Japanese Prime Minister Shinzo Abe said that whether to proceed with a sales tax hike next April would be a "political decision," suggesting that the chance of delaying it may have increased given overseas headwinds hurting the economy.
Abe has already delayed the tax increase once, and has long said he would only delay it again if Japan were to suffer a shock on the magnitude of the 2008 collapse of U.S. investment bank Lehman Brothers.
More recently, though, he said a global economic contraction could also force a rethink and that it would be meaningless to press ahead if it crimped tax revenue by choking the economy.
Speaking in parliament, Abe reiterated that the government still planned to raise the tax to 10 percent from the current 8 percent early next year unless a global economic contraction or a Lehman-style market shock jolt Japan's economy.
When asked what could be defined as a "global economic contraction" that would justify delaying the tax hike, Abe said: "That would be a political decision, taking into account analyses based on various perspectives from experts."

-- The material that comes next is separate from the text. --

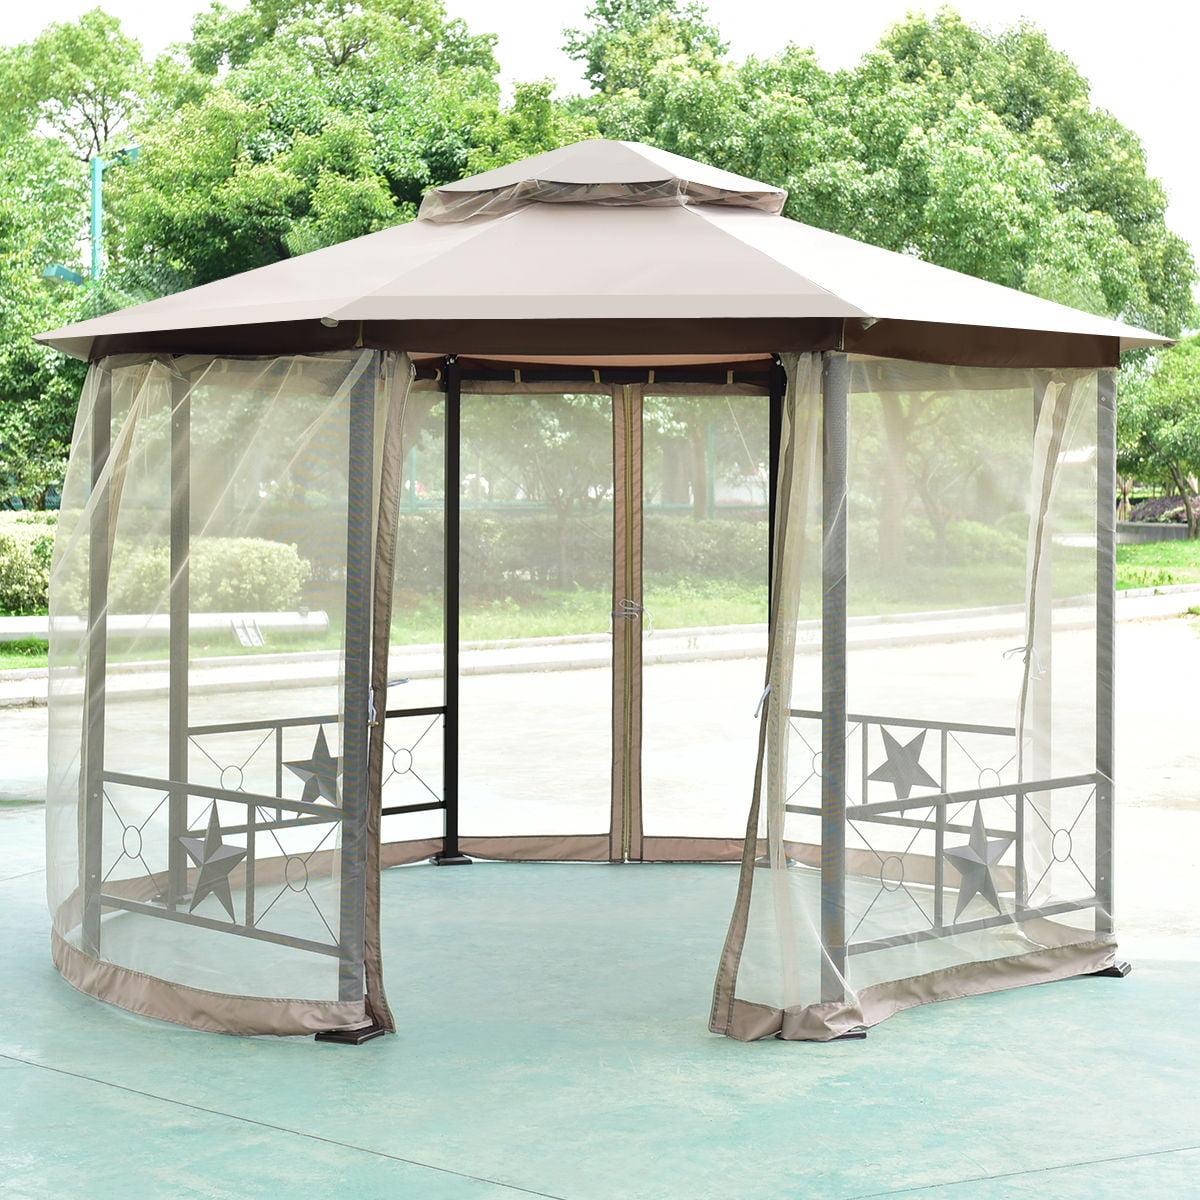 Costway Octagon 2-Tier 12.5ft Outdoor Gazebo Canopy Shelt...

Abe raised the sales tax in 2014 to 8 percent from 5 percent, tipping Japan into recession. He delayed the second stage of the planned increase to 10 percent, initially to have been last October, by a year and a half.
In public, Abe insists that the tax will rise in 2017 to deal with Japan's enormous national debt.

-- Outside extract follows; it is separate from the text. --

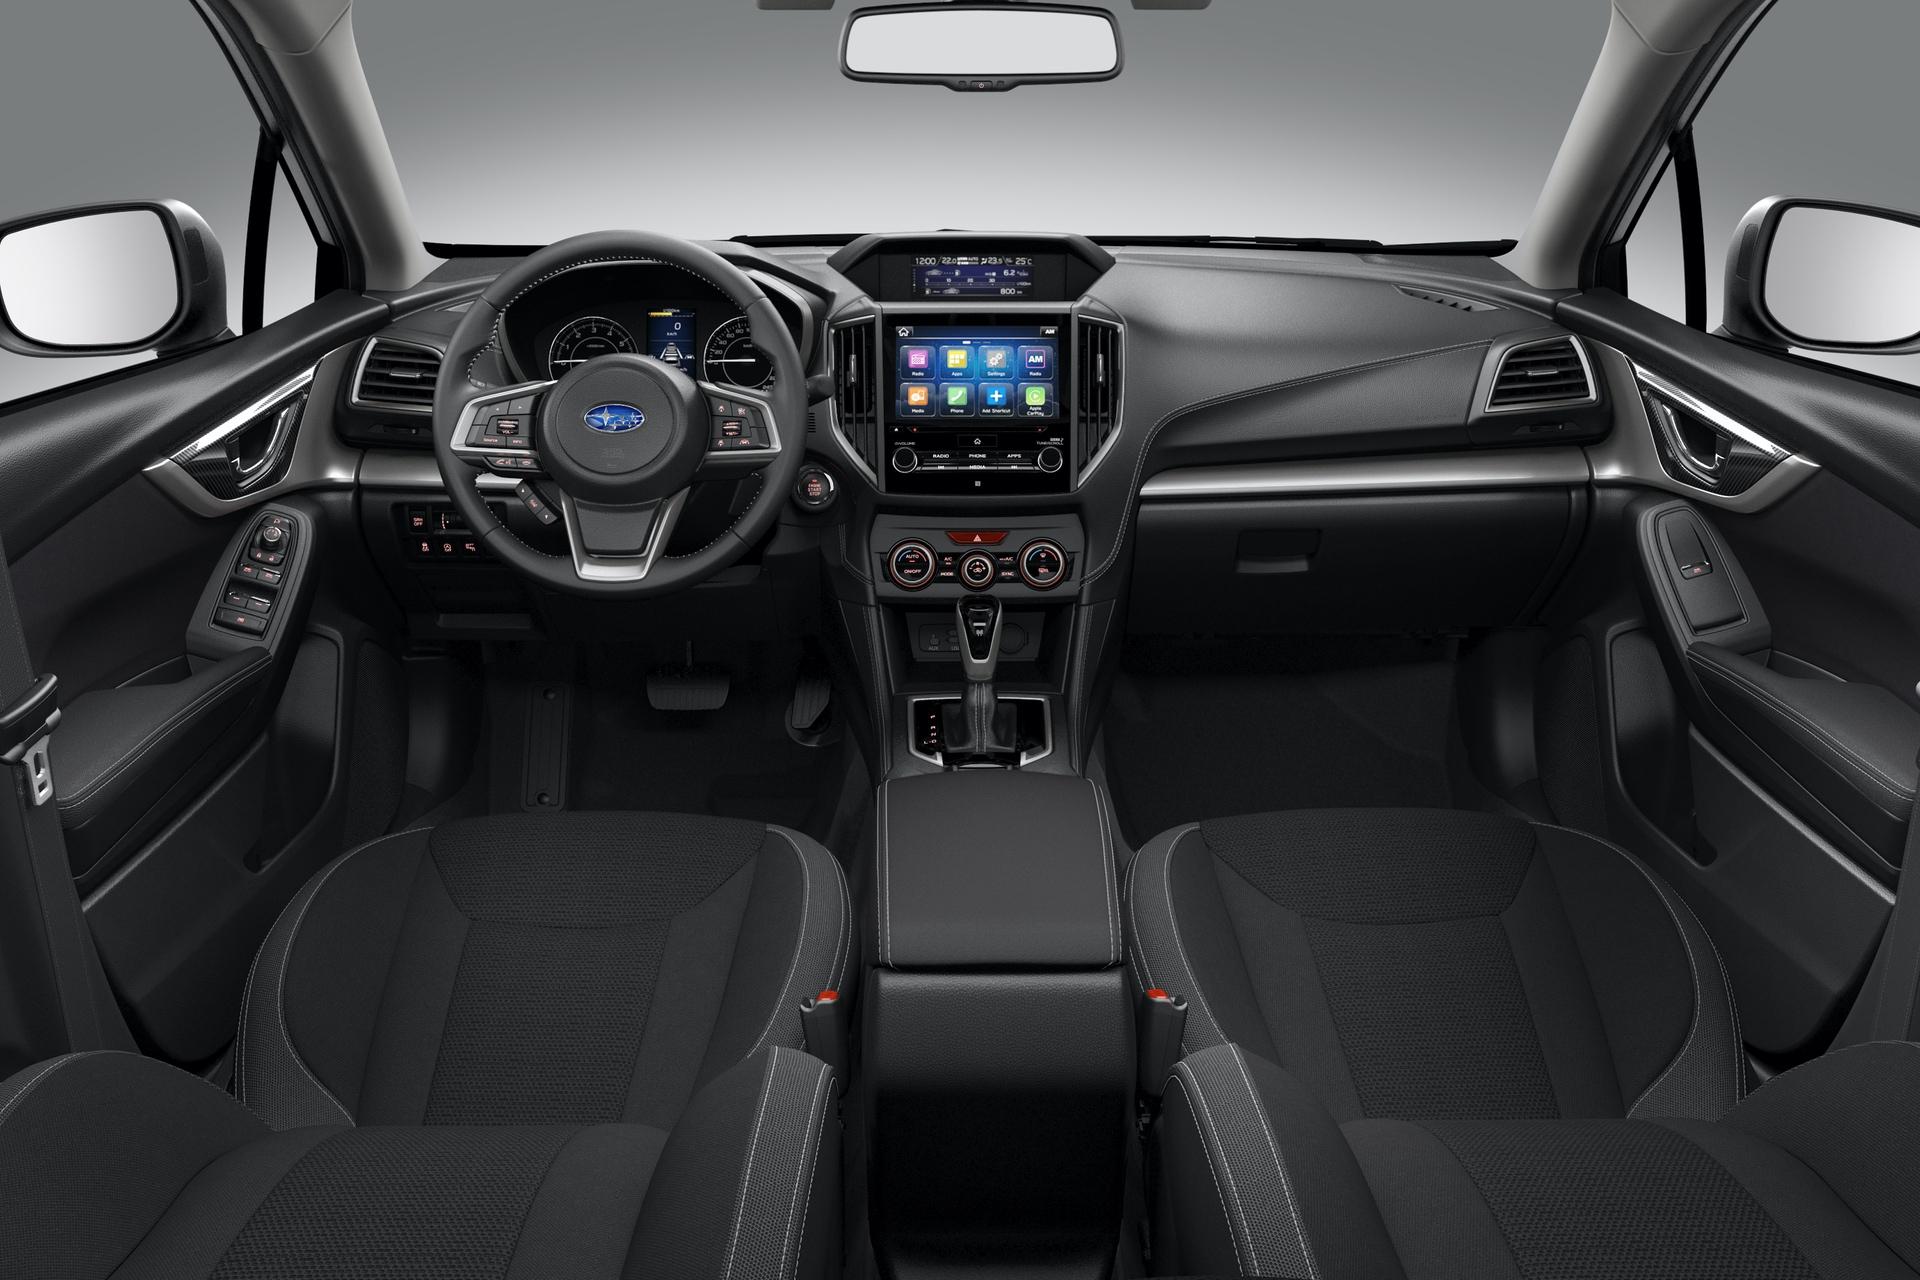 First_Drive_Subaru_Impreza_0012

But the government has begun informally discussing a second delay to the tax hike as consumption slumps on slow wage growth and Abe prepares for elections this summer.
Abe's administration will hold a series of meetings inviting academics, including Columbia University Professor Joseph Stiglitz, from next week to discuss the global economy. The first such gathering will be held on March 16.
Some analysts say the meetings could be used to lay the ground to delay the tax hike by emphasizing the damage the global economic slowdown could inflict on Japan's economy, which may already be on the brink of another recession.